I also struggled in an algorithmic ode class as my first math course after being out of school a year. I began supplementing the course with a schaum's outline series, and also going to the library for an hour after every class to review the notes. Finally at the end the class got less routine when the prof gave a proof of existence of solutions by the beautiful contraction mapping method. That even made it interesting. I went from a D to an A.
Then when I taught it I tried to use more interesting books, like Martin Braun's well written book, supplemented by V. Arnol'd's book. The standard books like Boyce and diPrima really left me cold. Almost everyone agrees that he best, clearest book is probably the following one by Tenenbaum and Pollard. Try that one.
https://www.amazon.com/dp/0486649407/?tag=pfamazon01-20
Here is my review:
10 of 10 people found the following review helpful
5.0 out of 5 stars unique, March 28, 2006
By mathwonk - See all my reviews
This review is from: Ordinary Differential Equations (Dover Books on Mathematics) (Paperback)

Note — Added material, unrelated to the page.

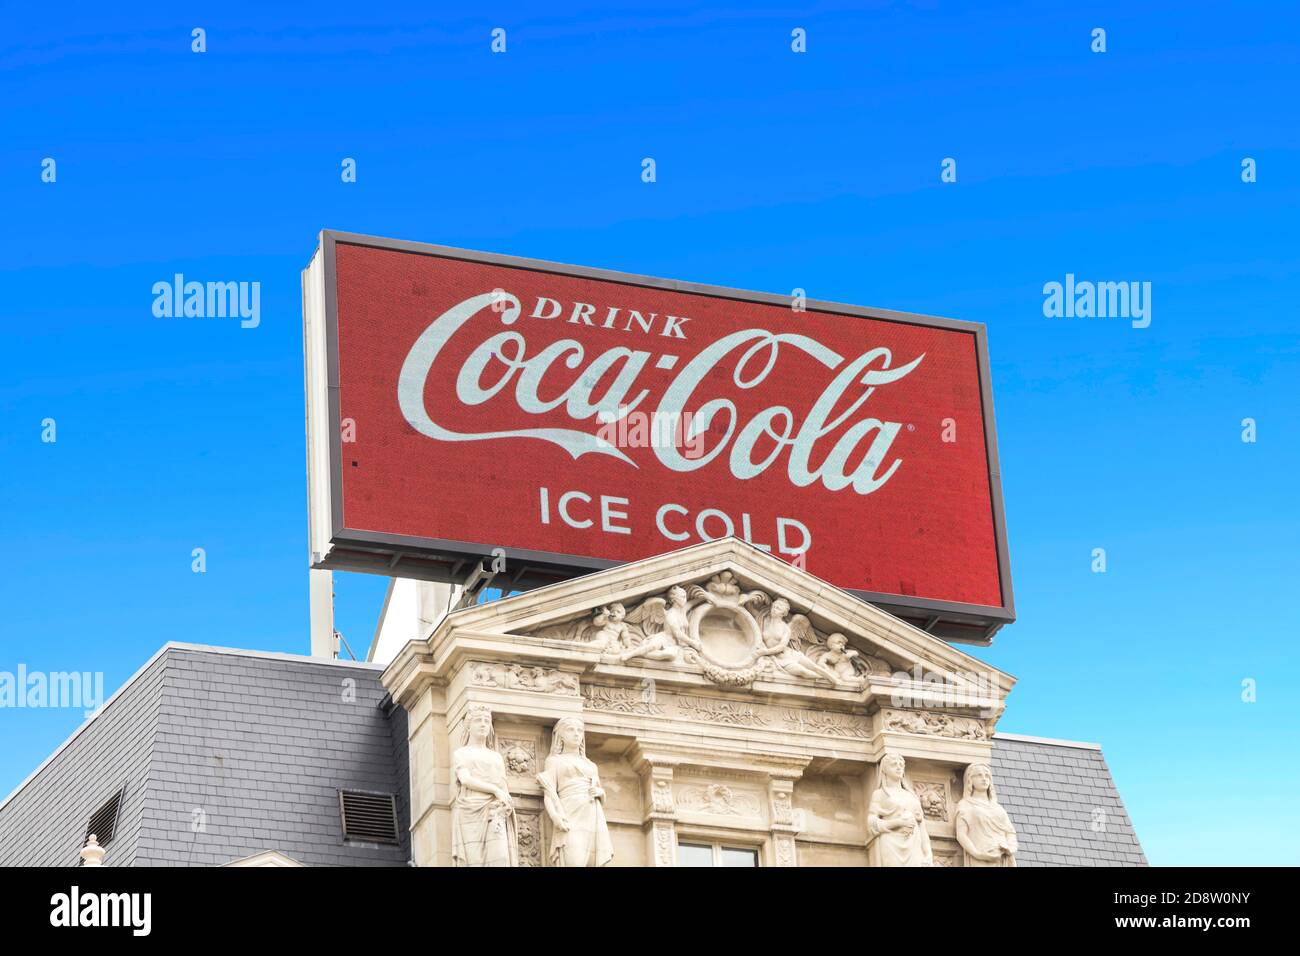 Brussels, BELGIUM - July 7, 2019: Large Coca Cola billboard on rooftop against sky, Coca-Cola advertising sign on rooftop. Stock Photo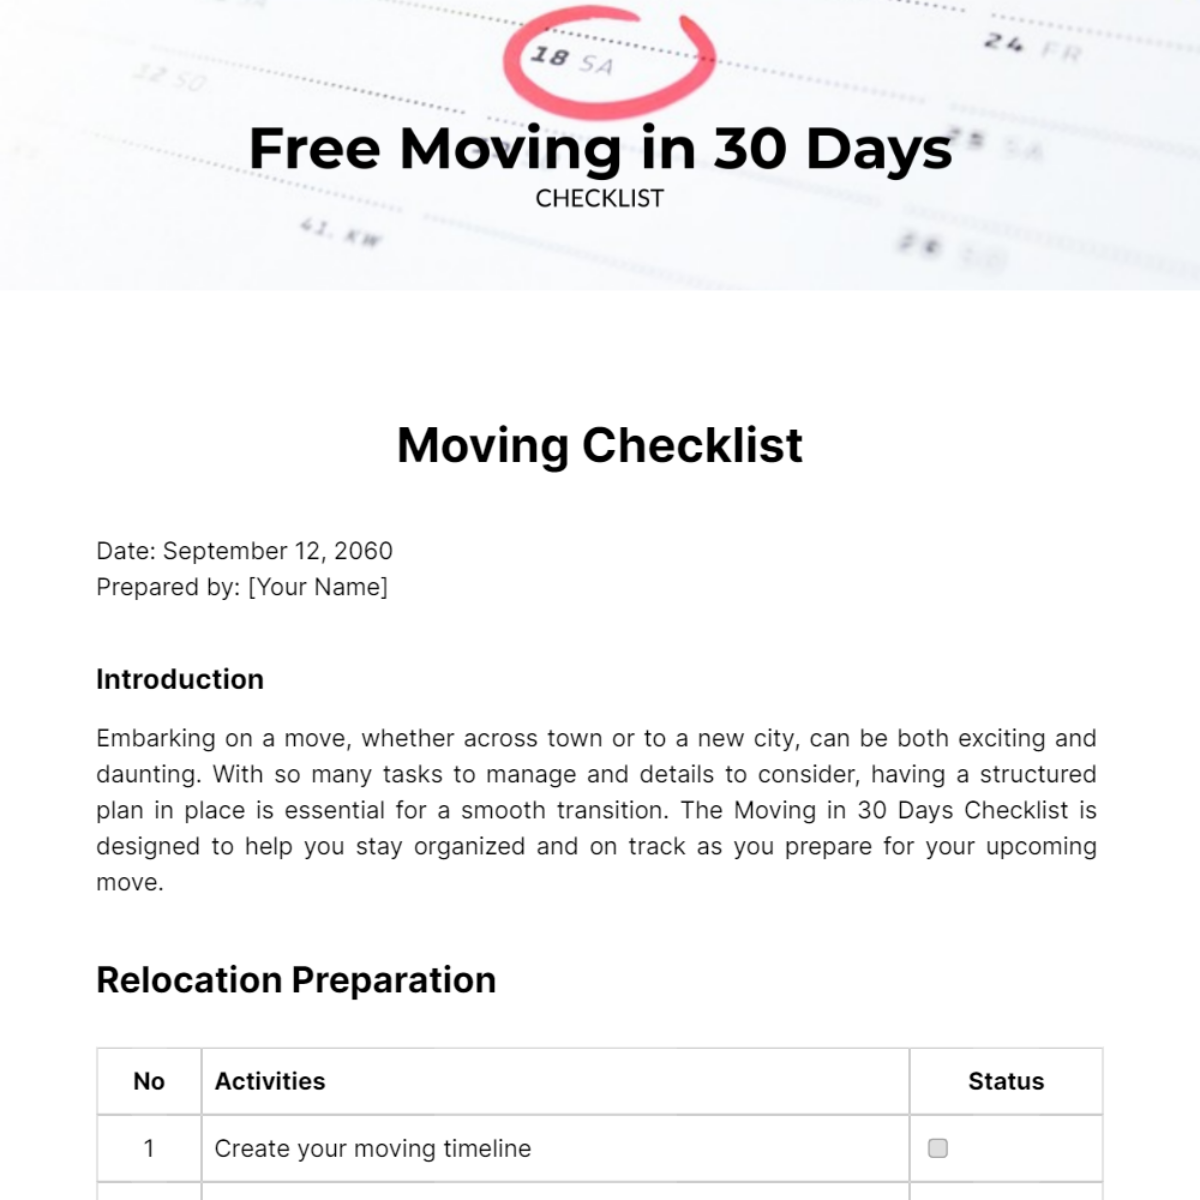 Moving in 30 Days Checklist Template

i discovered a "new" method of solving constant coeff linear ode's this semester while teaching the course, No one I asked knew it and no books had it, but it was so natural as to have no chance of being really new. Still I searched and searched, Courant, Loomis and Sternberg, Edwards Penney, Coddington, Braun, Dieudonne, without success. then I found it here on pages 268-292.
i was impressed. this book was written back when clarity and completeness were the goal. then i began looking at the problems. it is very hard to give reasonable example problems using variation of parameters that cannot be solved better by guessing, but tenenbauim and pollard do it.
this is a classic introductory text. they even define differentials correctly, almost unheard of in an elementary book. all this for only 16 bucks!